■ Aim of the task: Find the line with "Portrait of a Soldier, 2013 - LR12237" in the records below. Copy it and every line after it, up to and including the line with "Quanten-Immunisierung".

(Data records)
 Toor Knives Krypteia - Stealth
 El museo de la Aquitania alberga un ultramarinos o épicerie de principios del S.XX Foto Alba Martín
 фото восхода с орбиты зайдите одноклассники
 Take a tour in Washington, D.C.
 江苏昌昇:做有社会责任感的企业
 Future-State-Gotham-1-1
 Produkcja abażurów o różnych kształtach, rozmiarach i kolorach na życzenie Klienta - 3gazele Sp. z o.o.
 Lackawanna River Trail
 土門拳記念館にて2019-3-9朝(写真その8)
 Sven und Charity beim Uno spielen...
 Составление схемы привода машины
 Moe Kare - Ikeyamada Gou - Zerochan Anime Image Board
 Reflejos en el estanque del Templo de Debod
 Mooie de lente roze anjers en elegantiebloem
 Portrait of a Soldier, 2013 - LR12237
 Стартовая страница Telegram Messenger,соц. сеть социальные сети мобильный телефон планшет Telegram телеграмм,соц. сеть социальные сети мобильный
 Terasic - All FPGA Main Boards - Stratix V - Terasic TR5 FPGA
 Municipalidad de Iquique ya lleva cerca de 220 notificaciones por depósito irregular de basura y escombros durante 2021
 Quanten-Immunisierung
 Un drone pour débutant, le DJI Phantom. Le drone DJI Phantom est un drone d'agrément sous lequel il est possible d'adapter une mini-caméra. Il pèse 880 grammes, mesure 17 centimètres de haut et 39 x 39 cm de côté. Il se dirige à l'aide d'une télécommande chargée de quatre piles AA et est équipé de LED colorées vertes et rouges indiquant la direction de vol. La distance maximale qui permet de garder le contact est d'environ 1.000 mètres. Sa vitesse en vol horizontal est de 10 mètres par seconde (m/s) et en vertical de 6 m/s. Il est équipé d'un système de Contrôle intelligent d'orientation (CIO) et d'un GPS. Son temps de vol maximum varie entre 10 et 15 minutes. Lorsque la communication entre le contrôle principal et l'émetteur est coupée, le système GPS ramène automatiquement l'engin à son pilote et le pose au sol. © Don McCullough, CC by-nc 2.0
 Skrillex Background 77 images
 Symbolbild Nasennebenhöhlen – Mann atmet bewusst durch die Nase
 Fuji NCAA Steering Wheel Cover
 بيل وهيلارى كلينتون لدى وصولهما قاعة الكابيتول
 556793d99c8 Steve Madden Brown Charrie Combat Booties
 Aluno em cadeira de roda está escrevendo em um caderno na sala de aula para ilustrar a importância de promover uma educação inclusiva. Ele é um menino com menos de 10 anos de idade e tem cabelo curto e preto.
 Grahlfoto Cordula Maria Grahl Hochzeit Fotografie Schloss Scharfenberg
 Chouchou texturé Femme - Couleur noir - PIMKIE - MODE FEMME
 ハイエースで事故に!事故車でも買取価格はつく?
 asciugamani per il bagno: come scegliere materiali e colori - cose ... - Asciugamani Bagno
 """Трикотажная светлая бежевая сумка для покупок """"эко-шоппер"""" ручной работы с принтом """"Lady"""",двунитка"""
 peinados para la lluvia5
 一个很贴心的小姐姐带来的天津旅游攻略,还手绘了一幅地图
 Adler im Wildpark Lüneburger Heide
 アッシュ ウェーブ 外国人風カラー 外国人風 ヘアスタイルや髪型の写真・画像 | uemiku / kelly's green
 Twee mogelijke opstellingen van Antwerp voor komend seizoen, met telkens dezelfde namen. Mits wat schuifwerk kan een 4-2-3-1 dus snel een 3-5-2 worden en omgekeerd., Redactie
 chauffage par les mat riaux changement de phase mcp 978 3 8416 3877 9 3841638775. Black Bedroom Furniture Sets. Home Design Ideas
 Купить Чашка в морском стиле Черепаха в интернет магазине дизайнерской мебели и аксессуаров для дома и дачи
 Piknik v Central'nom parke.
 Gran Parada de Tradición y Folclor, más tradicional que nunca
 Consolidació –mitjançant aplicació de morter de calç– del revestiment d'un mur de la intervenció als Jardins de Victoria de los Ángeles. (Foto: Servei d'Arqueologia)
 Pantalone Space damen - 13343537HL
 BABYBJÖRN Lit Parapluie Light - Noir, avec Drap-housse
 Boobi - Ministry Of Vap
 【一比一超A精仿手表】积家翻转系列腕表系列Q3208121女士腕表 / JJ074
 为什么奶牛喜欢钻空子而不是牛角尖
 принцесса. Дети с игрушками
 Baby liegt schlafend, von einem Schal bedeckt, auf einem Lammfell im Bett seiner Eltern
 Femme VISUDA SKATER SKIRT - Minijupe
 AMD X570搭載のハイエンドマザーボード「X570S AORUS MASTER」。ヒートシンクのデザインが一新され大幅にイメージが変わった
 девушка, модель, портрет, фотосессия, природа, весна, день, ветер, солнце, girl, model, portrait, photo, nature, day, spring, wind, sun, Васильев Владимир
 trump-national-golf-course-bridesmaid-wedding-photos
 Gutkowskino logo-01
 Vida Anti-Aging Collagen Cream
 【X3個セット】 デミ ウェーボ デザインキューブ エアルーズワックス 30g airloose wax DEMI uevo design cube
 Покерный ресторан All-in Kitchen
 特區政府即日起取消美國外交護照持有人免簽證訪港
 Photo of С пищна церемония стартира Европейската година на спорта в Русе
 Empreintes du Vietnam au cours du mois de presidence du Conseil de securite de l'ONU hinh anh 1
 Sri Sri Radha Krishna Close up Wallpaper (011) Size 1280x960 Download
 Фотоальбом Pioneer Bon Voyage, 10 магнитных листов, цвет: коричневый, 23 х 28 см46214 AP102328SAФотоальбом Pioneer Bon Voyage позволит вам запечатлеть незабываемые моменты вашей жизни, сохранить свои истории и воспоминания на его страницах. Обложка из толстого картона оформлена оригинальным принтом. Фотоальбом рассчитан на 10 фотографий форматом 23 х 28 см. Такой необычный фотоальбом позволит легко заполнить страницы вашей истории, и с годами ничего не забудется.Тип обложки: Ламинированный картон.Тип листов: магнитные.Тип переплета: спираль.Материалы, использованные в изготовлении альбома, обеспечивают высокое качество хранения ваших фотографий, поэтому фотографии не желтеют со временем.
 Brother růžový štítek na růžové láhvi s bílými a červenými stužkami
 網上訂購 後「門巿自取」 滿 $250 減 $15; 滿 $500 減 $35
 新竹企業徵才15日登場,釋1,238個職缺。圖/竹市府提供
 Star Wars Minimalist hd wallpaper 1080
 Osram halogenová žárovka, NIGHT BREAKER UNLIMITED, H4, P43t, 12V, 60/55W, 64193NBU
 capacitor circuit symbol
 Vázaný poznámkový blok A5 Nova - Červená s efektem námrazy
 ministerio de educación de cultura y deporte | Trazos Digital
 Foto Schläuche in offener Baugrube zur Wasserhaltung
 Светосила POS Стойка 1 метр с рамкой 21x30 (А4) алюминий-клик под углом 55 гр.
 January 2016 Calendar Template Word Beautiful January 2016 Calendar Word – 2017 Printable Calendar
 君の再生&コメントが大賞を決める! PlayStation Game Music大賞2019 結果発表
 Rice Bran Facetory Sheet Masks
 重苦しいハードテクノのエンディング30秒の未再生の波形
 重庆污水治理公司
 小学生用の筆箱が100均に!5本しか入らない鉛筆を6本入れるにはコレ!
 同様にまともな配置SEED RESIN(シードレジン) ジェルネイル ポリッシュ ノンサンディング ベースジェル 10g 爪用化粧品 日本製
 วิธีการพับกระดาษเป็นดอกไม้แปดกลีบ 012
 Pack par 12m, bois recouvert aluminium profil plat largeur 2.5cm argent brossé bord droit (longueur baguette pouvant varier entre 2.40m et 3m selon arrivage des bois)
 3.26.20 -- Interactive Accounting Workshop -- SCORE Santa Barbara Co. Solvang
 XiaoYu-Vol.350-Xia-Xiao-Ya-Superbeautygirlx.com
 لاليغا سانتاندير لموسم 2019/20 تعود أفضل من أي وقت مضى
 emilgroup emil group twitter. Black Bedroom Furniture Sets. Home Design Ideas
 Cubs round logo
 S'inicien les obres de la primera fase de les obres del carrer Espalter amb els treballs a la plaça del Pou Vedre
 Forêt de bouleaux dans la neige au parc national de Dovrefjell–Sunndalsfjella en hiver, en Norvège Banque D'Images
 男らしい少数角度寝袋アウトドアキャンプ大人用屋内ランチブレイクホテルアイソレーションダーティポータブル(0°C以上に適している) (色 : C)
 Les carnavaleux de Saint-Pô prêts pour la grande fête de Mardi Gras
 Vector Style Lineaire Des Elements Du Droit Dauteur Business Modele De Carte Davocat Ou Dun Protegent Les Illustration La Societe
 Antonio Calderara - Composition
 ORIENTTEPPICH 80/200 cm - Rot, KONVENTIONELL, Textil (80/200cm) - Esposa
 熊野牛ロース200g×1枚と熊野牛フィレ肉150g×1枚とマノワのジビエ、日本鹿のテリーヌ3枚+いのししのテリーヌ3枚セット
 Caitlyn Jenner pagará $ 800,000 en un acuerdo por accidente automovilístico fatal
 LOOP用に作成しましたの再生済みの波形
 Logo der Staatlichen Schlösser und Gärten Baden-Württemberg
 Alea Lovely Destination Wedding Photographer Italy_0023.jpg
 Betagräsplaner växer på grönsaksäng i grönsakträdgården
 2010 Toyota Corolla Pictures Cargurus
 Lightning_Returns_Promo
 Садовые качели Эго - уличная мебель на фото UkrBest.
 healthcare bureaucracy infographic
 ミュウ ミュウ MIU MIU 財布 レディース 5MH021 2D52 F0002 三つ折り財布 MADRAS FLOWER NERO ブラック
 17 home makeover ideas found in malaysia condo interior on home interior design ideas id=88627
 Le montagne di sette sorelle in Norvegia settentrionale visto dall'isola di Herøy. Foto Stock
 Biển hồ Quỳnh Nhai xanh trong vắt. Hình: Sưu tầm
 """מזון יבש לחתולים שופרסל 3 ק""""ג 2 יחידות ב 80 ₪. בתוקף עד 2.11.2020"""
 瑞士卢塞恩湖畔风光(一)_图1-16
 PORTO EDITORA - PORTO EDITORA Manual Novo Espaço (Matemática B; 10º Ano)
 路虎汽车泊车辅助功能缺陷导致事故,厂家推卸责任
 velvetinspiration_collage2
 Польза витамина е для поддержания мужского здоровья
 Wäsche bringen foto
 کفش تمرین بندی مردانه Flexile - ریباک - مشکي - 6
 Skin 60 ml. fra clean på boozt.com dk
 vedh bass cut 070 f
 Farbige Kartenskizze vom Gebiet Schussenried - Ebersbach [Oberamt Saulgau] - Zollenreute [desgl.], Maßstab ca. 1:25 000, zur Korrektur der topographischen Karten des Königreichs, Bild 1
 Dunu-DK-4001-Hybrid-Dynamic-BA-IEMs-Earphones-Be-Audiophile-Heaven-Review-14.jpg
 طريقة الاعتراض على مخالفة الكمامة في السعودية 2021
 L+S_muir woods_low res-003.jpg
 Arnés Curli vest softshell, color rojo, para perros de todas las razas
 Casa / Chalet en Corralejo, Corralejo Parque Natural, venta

■ Exercise solution:
 Portrait of a Soldier, 2013 - LR12237
 Стартовая страница Telegram Messenger,соц. сеть социальные сети мобильный телефон планшет Telegram телеграмм,соц. сеть социальные сети мобильный
 Terasic - All FPGA Main Boards - Stratix V - Terasic TR5 FPGA
 Municipalidad de Iquique ya lleva cerca de 220 notificaciones por depósito irregular de basura y escombros durante 2021
 Quanten-Immunisierung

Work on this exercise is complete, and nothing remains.